My grandmother Juanita had a stellar record collection. My earliest recollections of her were of her living room, full of music. She was not necessarily a kind woman; my grandmother was not one to dote. But somehow, I managed to escape punishment and, as the baby at the time, I got free reign where my elder siblings were constrained. I'd sit on her purple velvet ottoman, the one everyone else was forbidden to sit on, and I'd soak it all in. Even though my grandmother was stern and unyielding, but she loved a good party.

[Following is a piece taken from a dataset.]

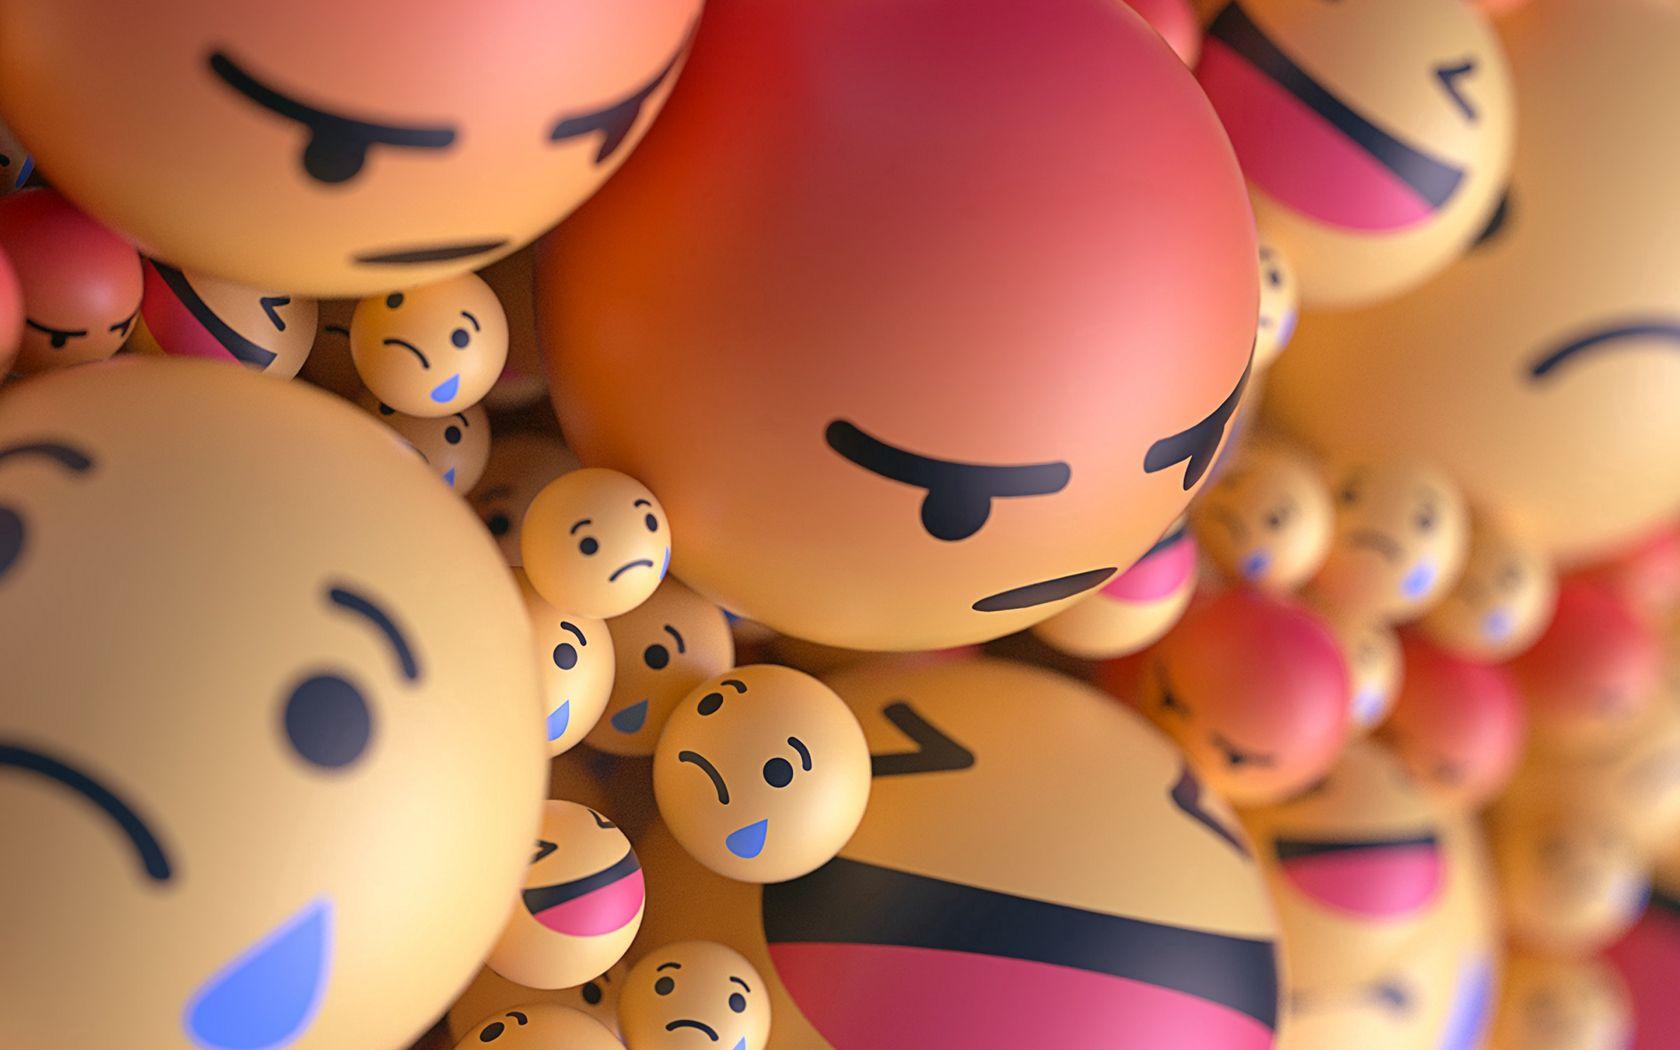 1680x1050 Wallpaper smiles, emoticons, balls, 3d, emotions

She was known on her street for the fêtes she threw: block parties, rent parties, any excuse to listen to music, drink brown liquor, and unwind from the harshness of growing up Black in America's most segregated city.
It was through my grandmother's record collection that I first learned the difference between horns, the wailing of a muted trumpet versus the velvety smoothness of an alto saxophone. I learned through listening to Sarah Vaughn, Billie Holiday, and Dinah Washington that the voice was an instrument. It was my earliest music education. As a little girl, my grandmother's records taught me Jazz.

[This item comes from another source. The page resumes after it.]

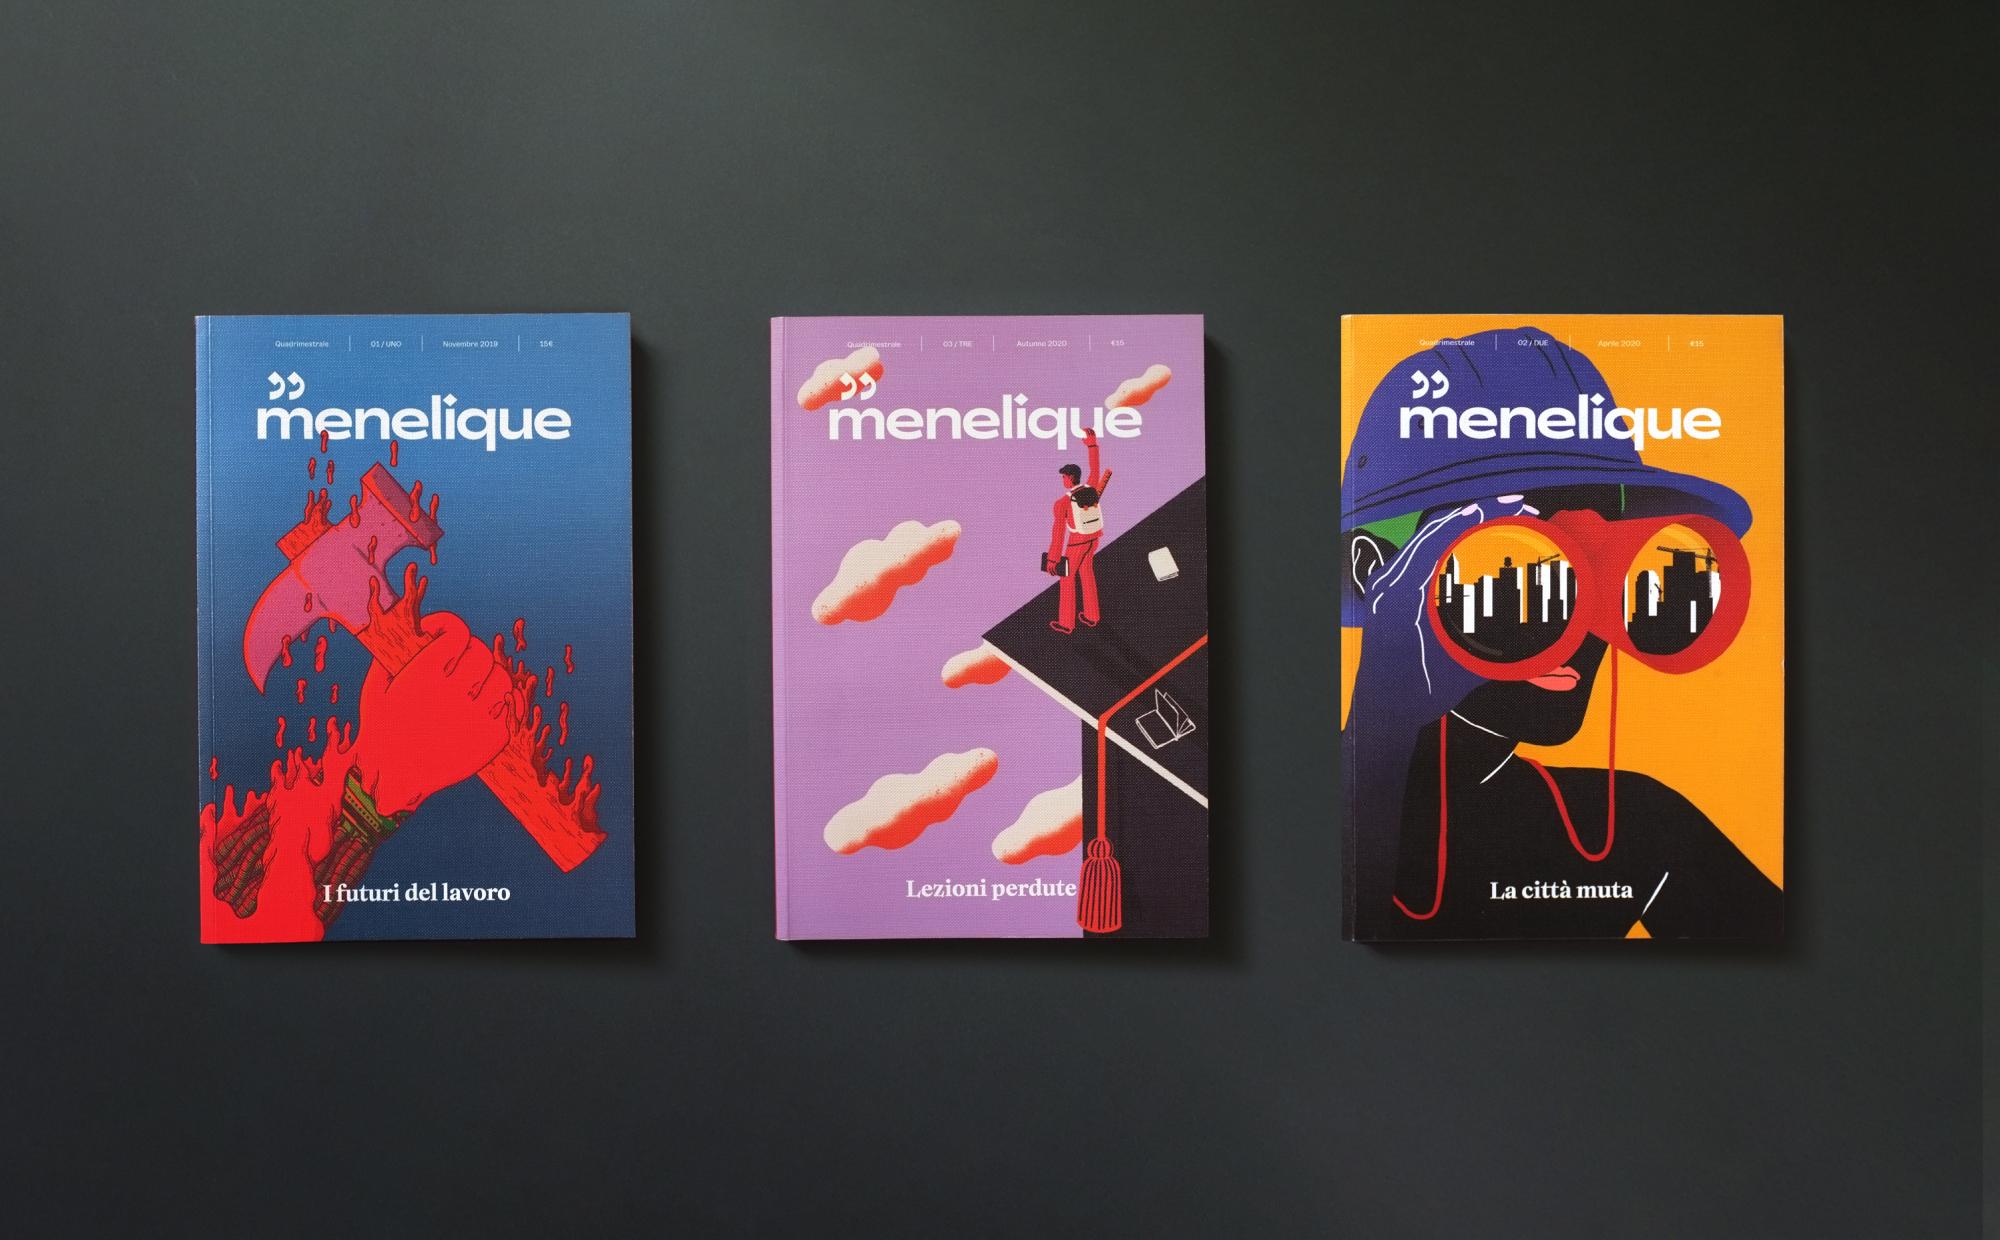 menelique01

It wasn't until I got older that jazz literally changed my life. I was 17. It was the summer of 1993. I had just graduated from high school. My best friend and I were hanging out in her basement, trying to escape the humidity of a sweltering Detroit summer. Her father spent that summer hipping us to the finer things in life: how to make a pasta sauce from scratch, how to discern whether a boy we liked had good home training or not, and how to pick a perfect jazz tune. He'd already introduced us to the wonders of Miles and Monk. Miles Davis was the epitome of cool and I had grown to love his emotive sound on the horn. I was even more fascinated by his mythical temperament and attention to detail in real life. Thelonious Monk handled the keys like someone possessed of spirit. His sound was intellectual and vast; I felt I wasn't mature enough to process what I was hearing but I loved it just the same. And then, that hot summer day, he played Giant Steps. I was immediately enthralled. The saxophone had never been my favorite instrument, I was partial to trumpet or flute. But the way that sound wafted through the speakers, I fell instantly, and eternally, in love.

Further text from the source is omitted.